Открытие огорчило. Николя так надеялся прикоснуться к таинственному амулету, если уж к трупам не дают. А тут – разум. Ничего интересного.
– Благодарю. Постараюсь запомнить.
– Могу просить вас об одолжении?
Разумеется, Коля горячо согласился быть полезным в чем мог.
– Опишите, что там происходит. Может, заметили что-то любопытное?
Как ни пыжился юный чиновник, как ни тер замерзший лоб, но ничего толкового припомнить не мог.
– Кажется, про вас что-то говорили…
– Опять магические силы?
– Нет, как-то странно, вроде: «Вот уж попался». Эх, ничего-то я не знаю. Отослали меня. Простите…
С горя юный чиновник закрылся накидкой и затих. А Ванзаров не счел нужным копаться в мелких глупостях и отдался мрачной задумчивости.
Свернув с Пантелеймоновской улицы, пролетка встала. Кучер, он же городовой, оборотился к пассажирам, одарив многозначительным взглядом, потерял всякий интерес к их дальнейшей судьбе. Дескать, идите куда хотите. Но место назначения казалось сомнительным. Косой переулок находился вблизи главных проспектов, но праздничной суетой его обделили, как бедного родственника угощением на богатой свадьбе. Не хлопали гирлянды праздничных флажков, не играла иллюминация, да и вообще казалось, что переулок не имеет к грядущим радостям никакого отношения. Парочка хилых газовых фонарей еле-еле разгоняла вечернюю муть. Но и этого было достаточно, чтобы ясно разглядеть совершенно пустые тротуары. Ничто не указывало, что где-то здесь произошло серьезное преступление. Не было толпы зевак, которых отгоняли городовые, фотограф не сверкал вспышкой магния на высоченной треноге, не расхаживали следователи в поисках очевидцев или свидетелей. Сонная дремота тихого угла, и только.

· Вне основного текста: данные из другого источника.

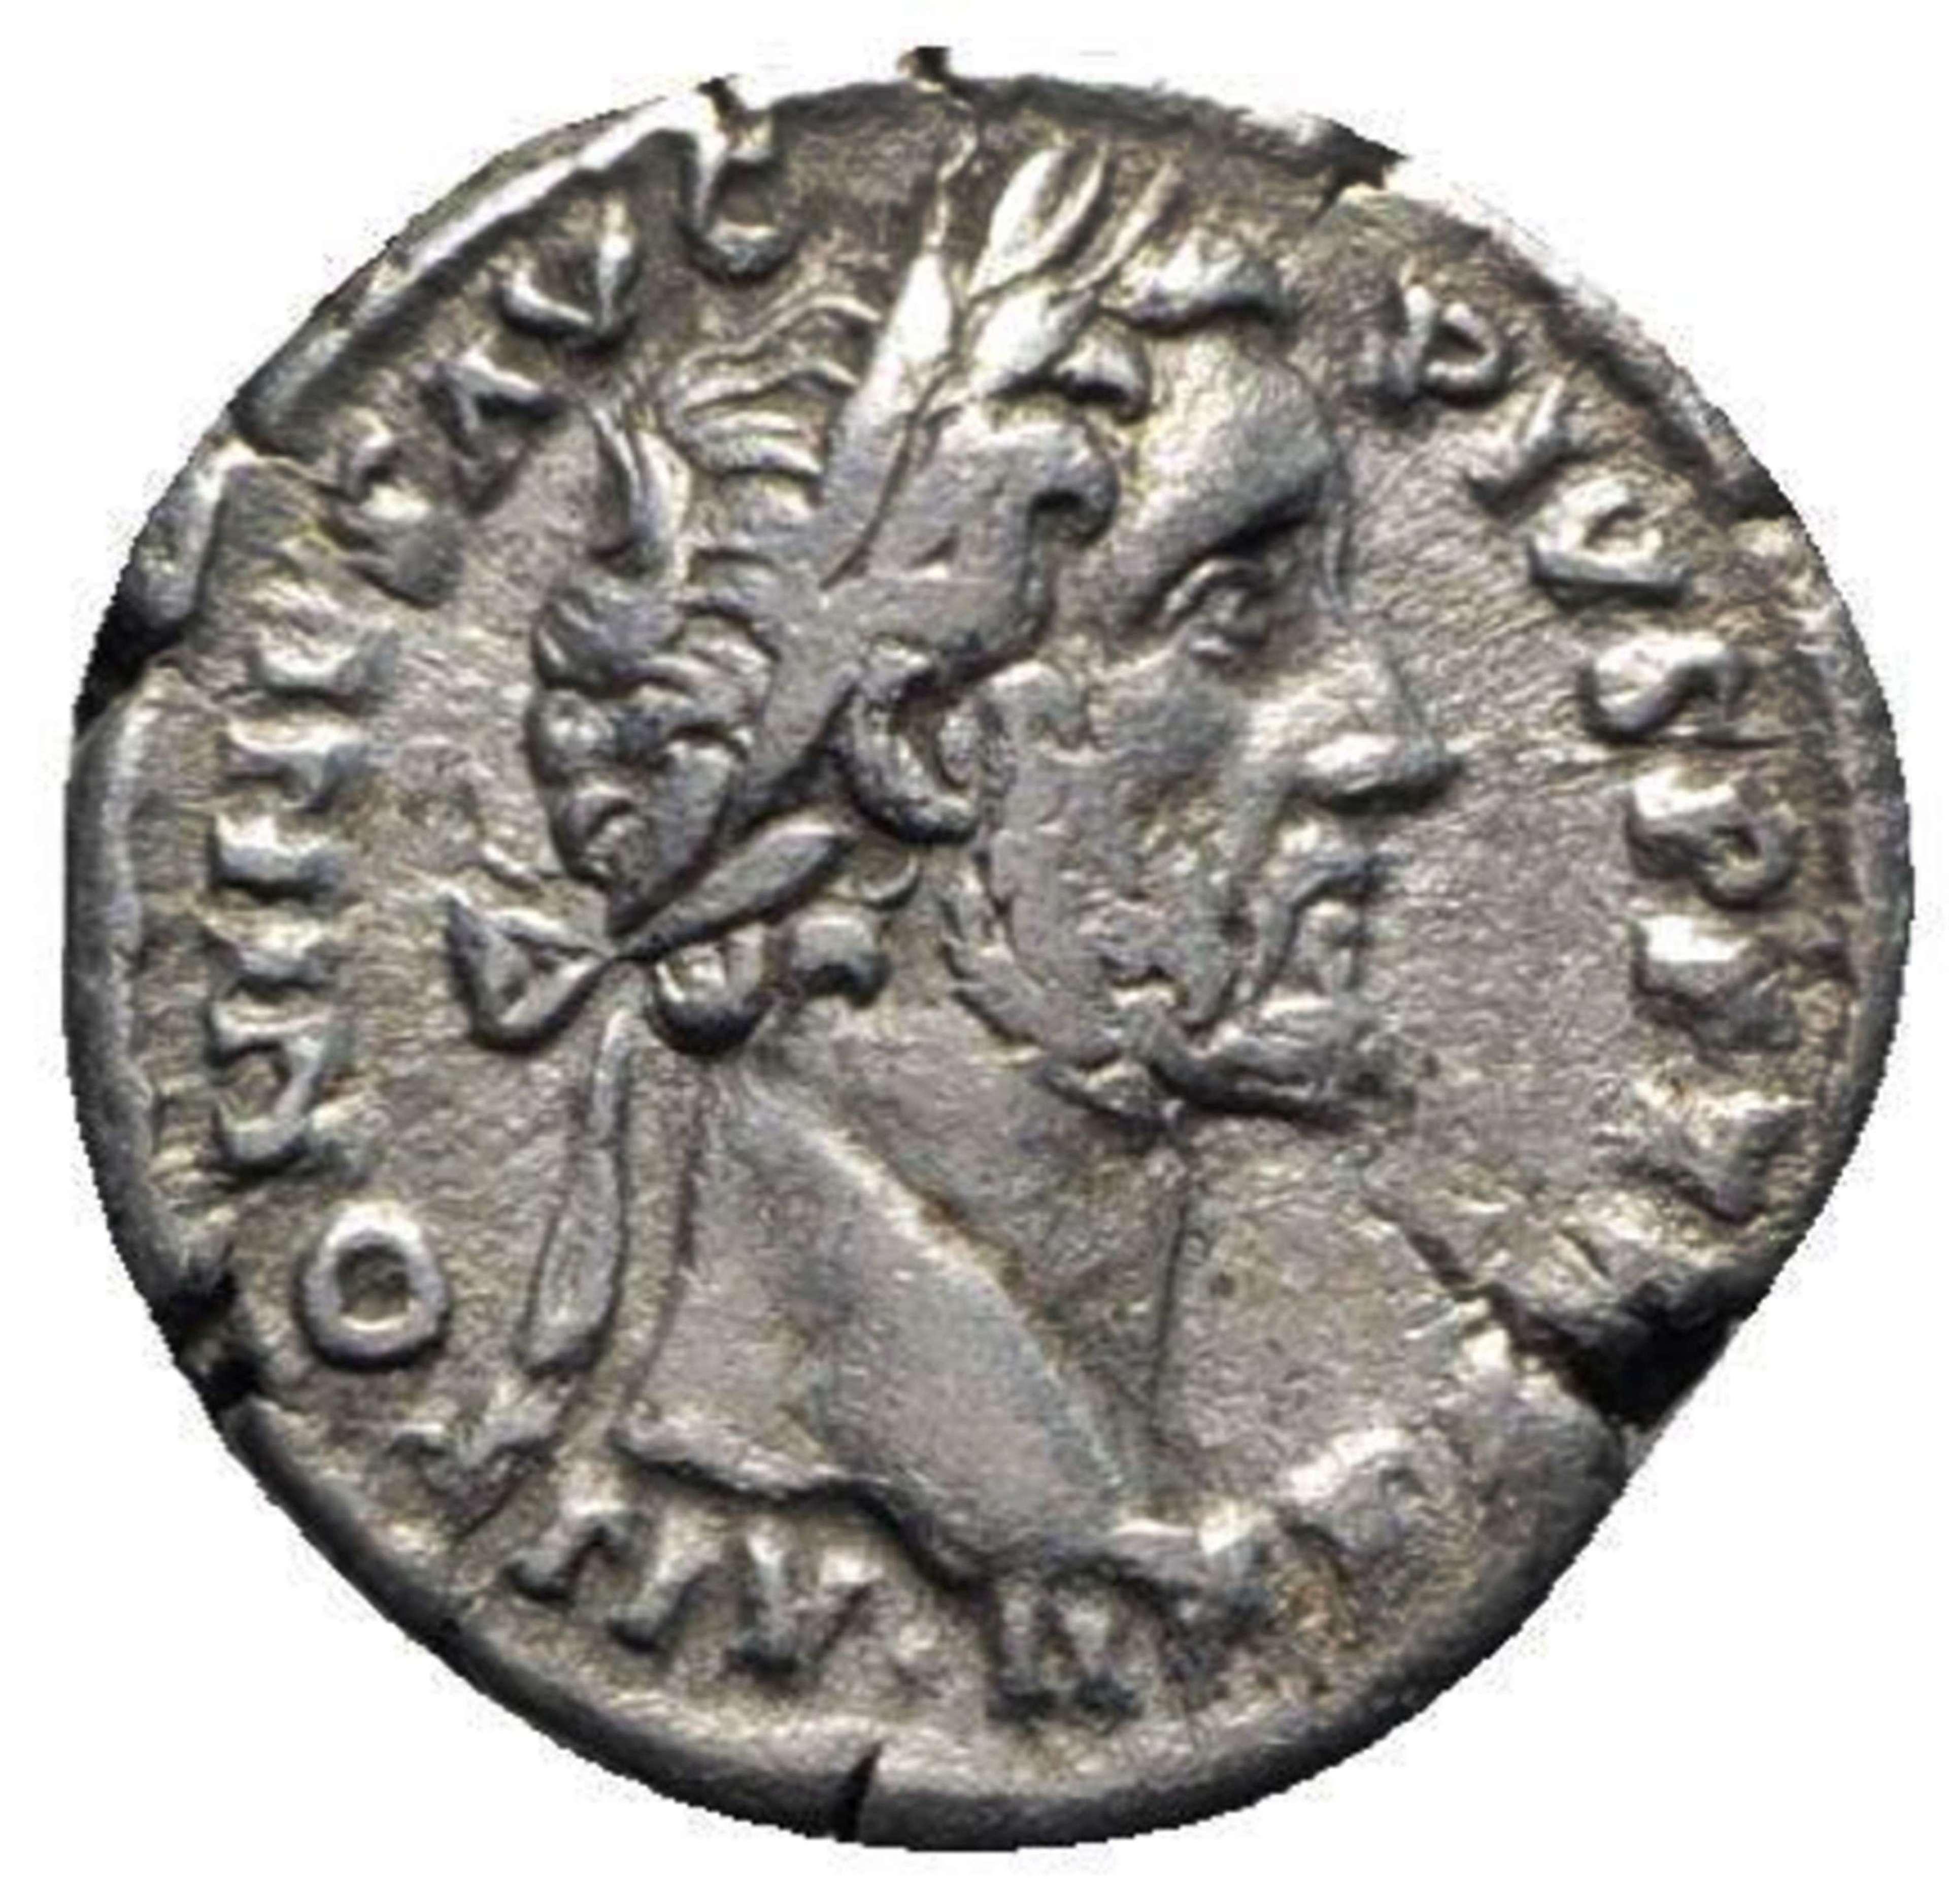 Ancient Roman Silver Denarius of Emperor Antoninus Pius /

Шутки часто скрашивали серые будни чиновников полиции. Ванзаров имел счастье в этом убедиться неоднократно. Все указывало на то, что нынче розыгрыш удался как нельзя лучше. Коллежский секретарь глянул на мальчишку со всей строгостью старшего по чину. Николя вылез из теплого укрытия, осмотрелся и растерянно пробормотал:
– Ничего не понимаю. Не мог же я перепутать, мне четко приказали доставить сюда. Честное слово, господин Ванзаров…
Внезапно от стены отделилась темная фигура и, придерживая шашку, устремилась к пролетке. Подбежавший городовой небрежно козырнул, пригласив гостя следовать за ним.
– Рад был знакомству! – крикнул вслед Николя с тайной надеждой, какую могут выдумать только мальчишки, рвущиеся к подвигам и свершениям.
В крохотном проулке меж неплотно выстроенных домов втиснулась карета с наглухо занавешенными окнами без украшений и резных гербов. Незаметная и скромная, как и полагается служебному экипажу серьезного департамента. Осоловевшие лошади вздрагивали под инеем и громко фыркали. Промерзший кучер закутался в шубу так, что носа не видно. Давно ждут.
Городовой деликатно стукнул в дверцу, блестящую черным лаком, и предложил руку. Но Ванзаров осилил кованые ступеньки без посторонней помощи. Еще чего не хватало!
Внутренность, обитую серой материей, освещал керосиновый светильник, засунутый под самый потолок. Стараясь не задеть полковничьей шинели, Ванзаров пробрался на свободный диванчик, поздоровался, но шляпу снимать не рискнул, чтобы не угодить локтем в начальство.
– Где вас носит? – строго спросил Вендорф вместо приветствия. В такой холод невежливо заставлять ждать любого, а господина полицеймейстера как лицо, наделенное властью, тем более. И властью немалой. Начальник 1-го отделения командовал одной четвертью из сорока двух участков Петербурга. Трем другим полицеймейстерам принадлежали остальные. Выше их в служебной иерархии полиции восседали только градоначальник и директор Департамента полиции.
Послушный чиновник Ванзаров доложил, что участвовал в облаве на хулиганов и пьяниц, устроенной господином приставом.
– Я ему покажу облаву! – пообещал строгий начальник и тут же сменил тон: – Извините, Родион Георгиевич, дорога каждая минута, ситуация непростая. Начну с главного. Ознакомлены с содержанием секретного циркуляра о мерах по обеспечению порядка в канун празднования?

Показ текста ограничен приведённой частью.